Bülten açıklandı, mülakatlar dağıtıldı ama sonuç çok büyük bir hüsrandı.
Sonra yine Polyana’lar türedi.
(Gelecekteki arkadaşlara notumdur, bunu kendinize yapmayın.)
“2. Mail dağıtımı yapılacak. Geçen sene yapılmış yine yapılacakmış” blaa blaa blaaaa…
Tabi ki yapılmadı. 24 Mayısa kadar bekledim ve gelen giden olmayınca 27 Mayıs günü için Kolombiya’ya gidiş-dönüş biletimi aldım.

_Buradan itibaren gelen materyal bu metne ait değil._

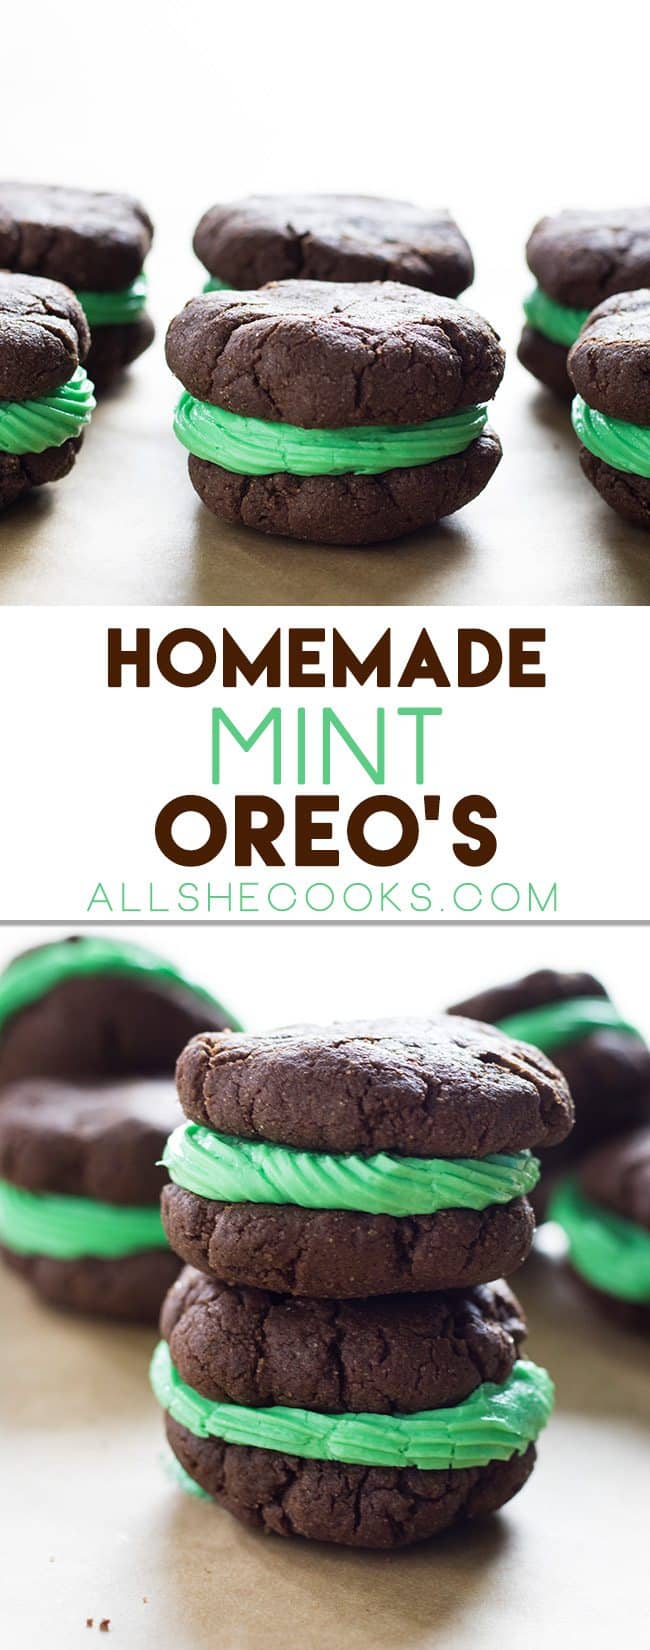 Enjoy these Homemade Mint Oreos stuffed cookies that are perfect for dessert. You will love these insanely delicious cookies.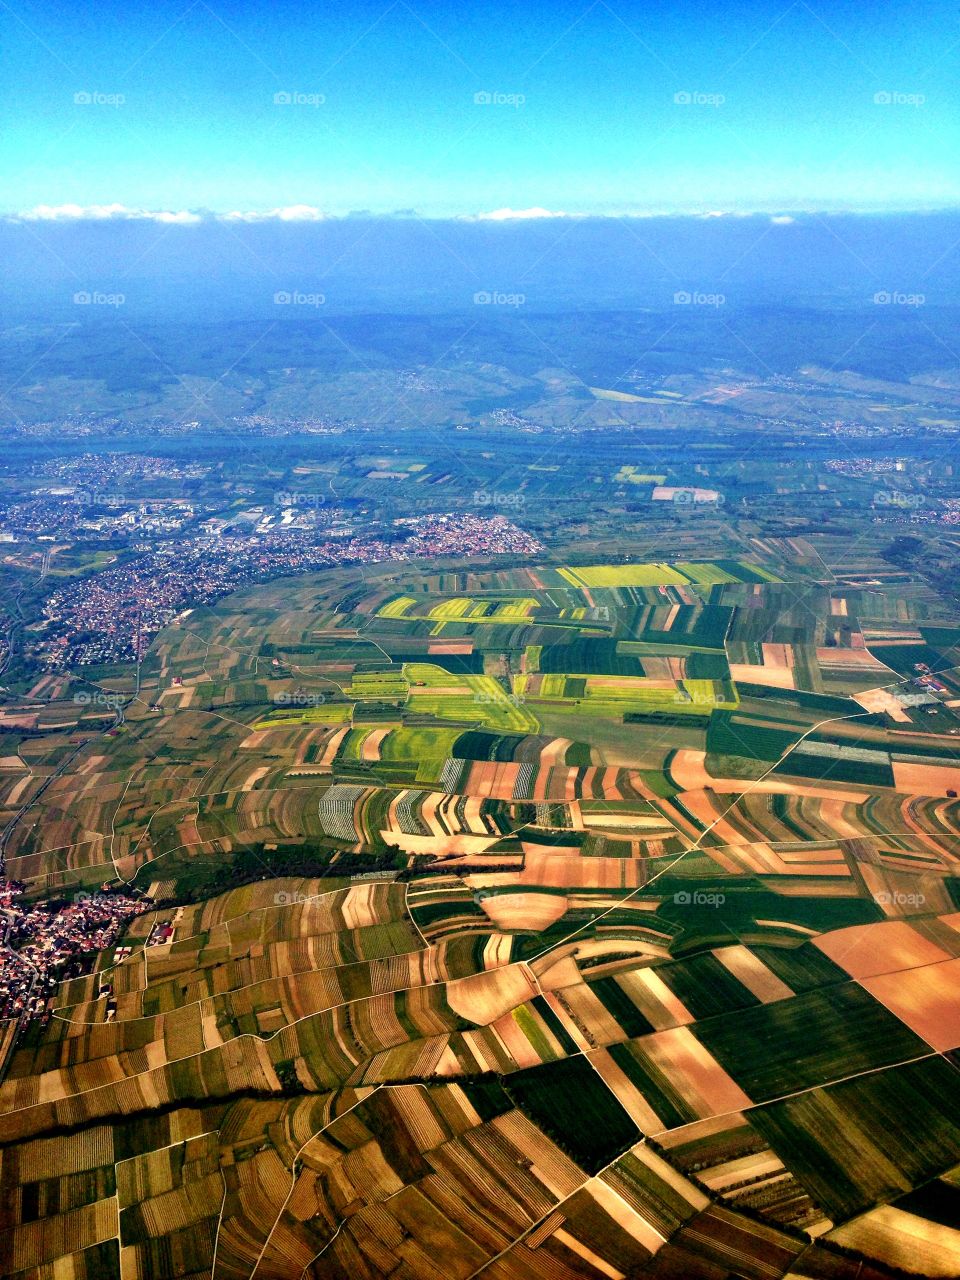 This is actually a view of Germany from my flight home. I had been in England and missed my flight home so the next available flight made a connection through Germany which gave me the opportunity to snap this awesome photo.

Yine çok uzatmayayım, feciii dramatik bir şekilde çocuklarımdan ayrıldım ve havaalanına gittim. Bilen bilir, uçağa alınmadım.
Pasaportum yeniydi ve son 5 yılda hiç uçuşum yoktu. Her ne kadar pandemi vardı, çocuklarım oldu vs vs desemde sonuç olarak uçuşa alınmadım.
O an yıkılmıştım ama çocuklardan bu kadar zor ayrılmışken elim boş bir şekilde asla eve dönmek istemiyordum.
Aklıma daha önce B planını yaptığım Özbekistan’daki meslektaşım geldi. Havaalanında kendisini arayıp durumu anlattım.
Kendi şirketinde gönüllü olarak çalışabileceğimi ve bu şekilde 1 hafta içinde bana vize ve oturum alabileceğini söyledi.
Bunu hemen kabul ettim ve Özbekistan’a hazırlanmak üzere eve döndüm.
Hızlı vizeye başvurduk ve 3 günde 1 yıllık vizem çıktı. Özbekistan’a gittim ve eşyalı bir ev tuttum. 3 gün sonra da 6 aylık oturumumu aldım.
Hemen vizemi, iş sözleşmemi, oturumumu da maile ekleyerek Taşkent konsolosluğuna güzel bir mail attım.
Maalesef dönüş alamadım. 2-3 gün arayla 2 kez daha mail attım ama yine dönüş alamadım. Sonra çocuklarımı özledim ve Türkiye’ye geldim. 1 hafta daha geçti ve hala cvp yoktu. Tekrar Özbekistan’a gittim.
Gitme amacım, konsolosluk bana randevu verirse ve ülkede olmadığıma takarlarsa sorun yaşamamaktı.
10 gün daha kaldım ama hala bana cvp vermiyorlardı.
Bu arada Hong Kong herkese “Fiziki olarak burada bulunursanız…” diye dönmeye başladı.
O gün biletimi alıp Hong Kong’a gitsem mi diye karar vermem gerekiyordu. Sonra Özbekistan’a maddi-manevi çok yatırım yaptığım için emeklerim boşa gitmesin istedim ve gitmemeye karar verdim.
Hong Kong’a gitmek yerine Taşkent konsolosluğunun kapısına gittim.
Yine bilen bilir, İngilizcem Yes-no seviyesinde olduğu için yanıma derdimi anlatan İngilizce çıktılar aldım. (Telefondaki translate işimi görürdü ama telefonuma bakmazlar diye işimi garantiye aldım )
Bu da ayrı bir hikayedir
Konsolosluğun kapısına gittim ve günlerdir maillerime cvp alamadığımı, orada yaşadığımı, çalıştığımı vs anlattım, ve bana başka bir mail adresi daha verip durumu oraya yazmamı söylediler.
Bu kez hem kendi mailimden hem de eşimin mailinden onlara mail gönderdim.
O gece Türkiye’ye döndüm. Cumartesi günüydü.
Pazartesi sabah 5-6 gibi süreç boyunca fikrine çok danıştığım sevgili @ATS16 bana yazmıştı.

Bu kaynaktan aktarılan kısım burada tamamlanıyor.